Reporting of code coverage results to CodeCov

          docker exec -e CODECOV_TOKEN=$CODECOV_TOKEN test-con bash -c 'bash <(curl -s https://codecov.io/bash)'

Other details

  • Sometimes it is necessary to rebuild one of the docker images in order to add new dependencies to the image before running CI tests. This can be done using the following sequence of commands:
    • Change dir to the correct directory (mentioned above)
    • Make any necessary changes to the appropriate Dockerfile
    • docker build -t ml4ailab/automates:<tag-name> .
    • docker push ml4ailab/automates:<tag-name>
  • The reason we have two separate docker images (one for the TR pipeline and one for everything else) is due to space constraints on the GH Actions (free tier) runner. Currently, we have to pull one image, run its tests, delete it, pull the other image, and run its tests in order to complete the CI process.
  • As long as Actions remain enabled, no additional setup steps or configuration is needed in the AutoMATES GitHub repo settings page.
  • Branch protections are currently enabled on master and will prevent non-admin users from pushing to master directly or merging a PR to master without passing tests and an official code review.

Future enhancements

  • Utilize GH Actions docker cache to cache the layers of our docker images. Images can then be rebuilt when requirements change, and only those layers effected will be rebuilt.
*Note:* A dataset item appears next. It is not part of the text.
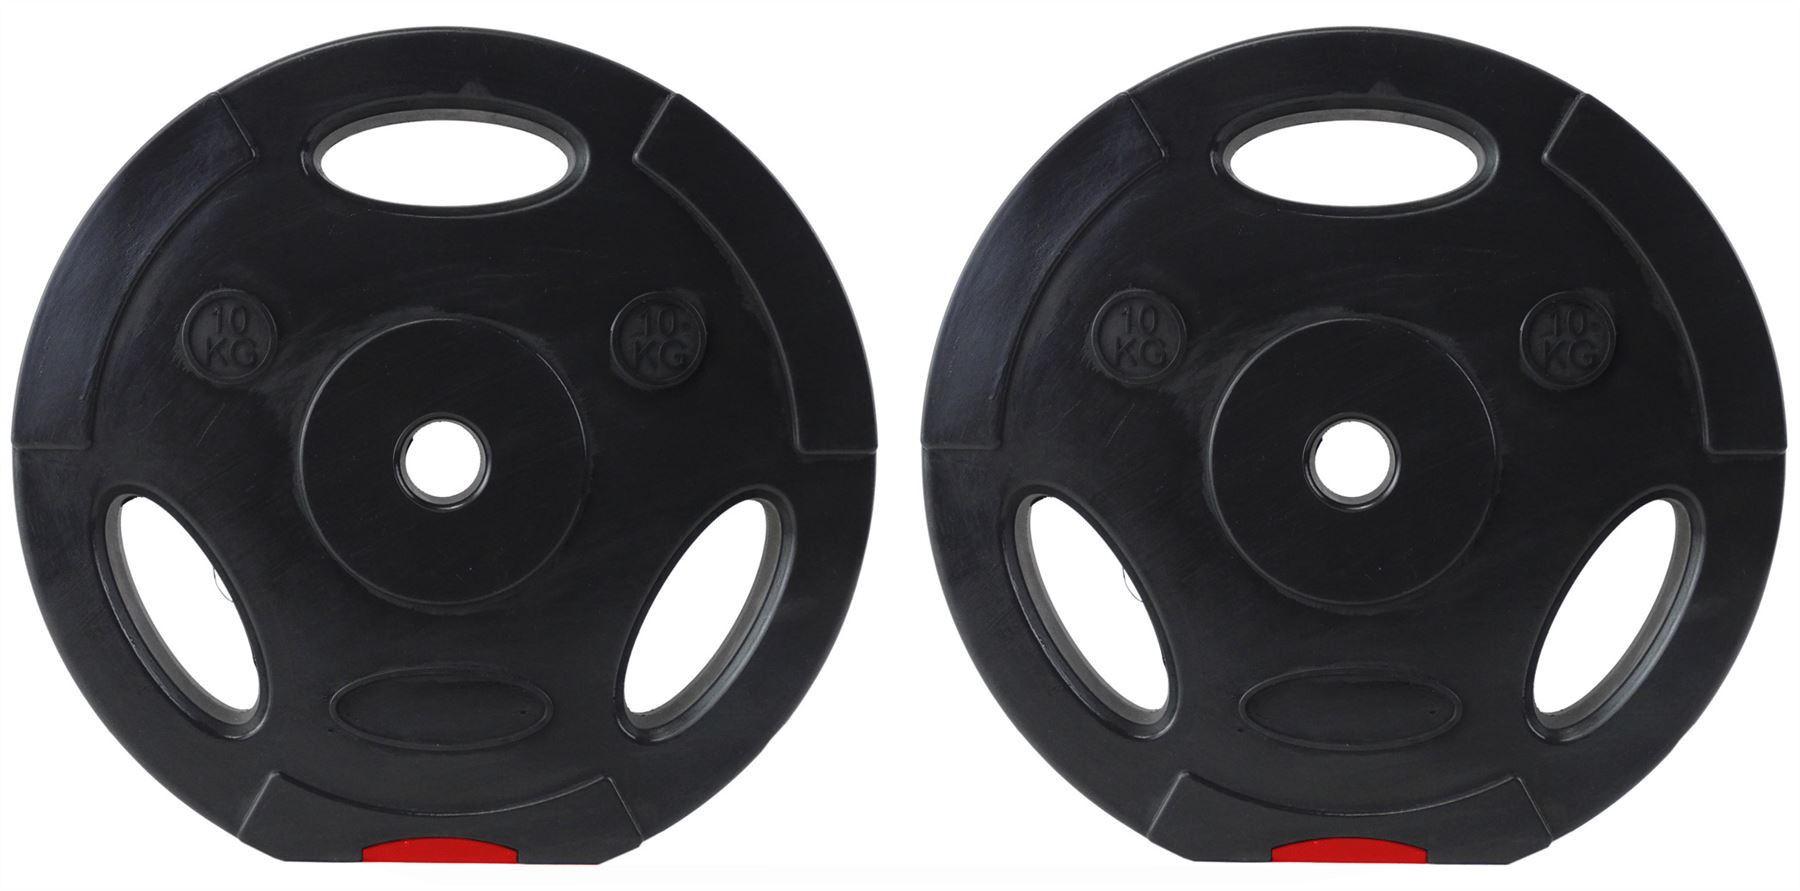 Bodyrip 1 Quot Standard 1 25 15kg Vinyl Tri Grip Cement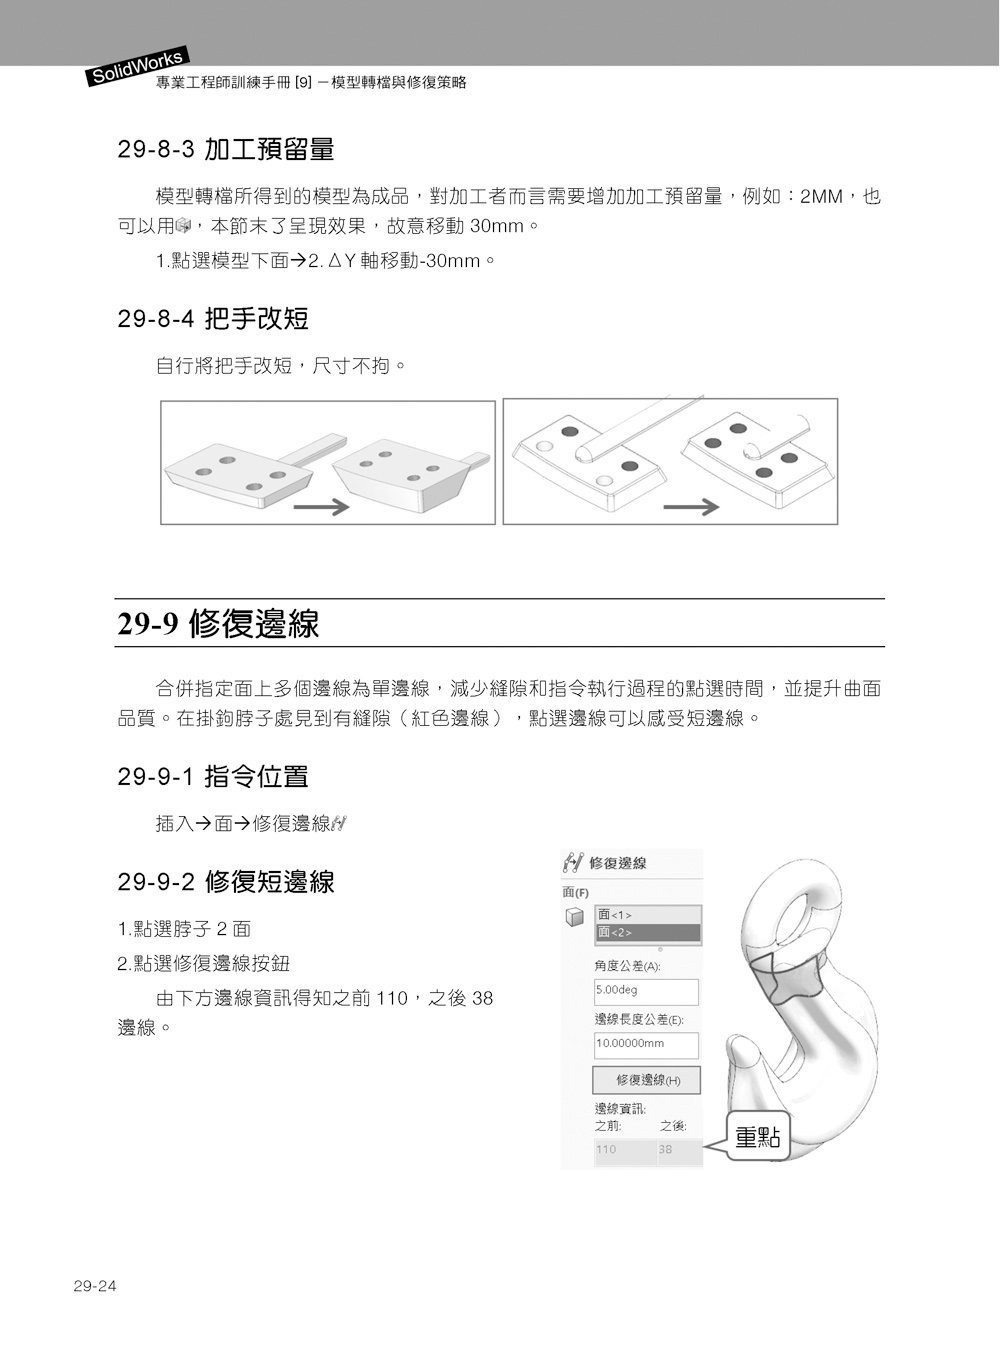 Solidworks 專業工程師訓練手冊[9]-模型轉檔與修復策略-preview-27

The rebuilt images can then be pushed to our lab DockerHub account automatically instead of needing to be rebuilt locally whenever a change occurs. This will also prevent pulls of the docker images from occurring during each testing session.
  • Setup unit testing with a Makefile that will only run tests for portions of code where changes are present. This is a more complex change that would require some serious investment but it is possible.
  • Re-organize the AutoMATES repo into separate repos according to sub-function and create separate CI pipelines for each repo
  • Re-organize the docs CI pipeline such that it begins building useful documentation again that is generated from the source code using sphinx.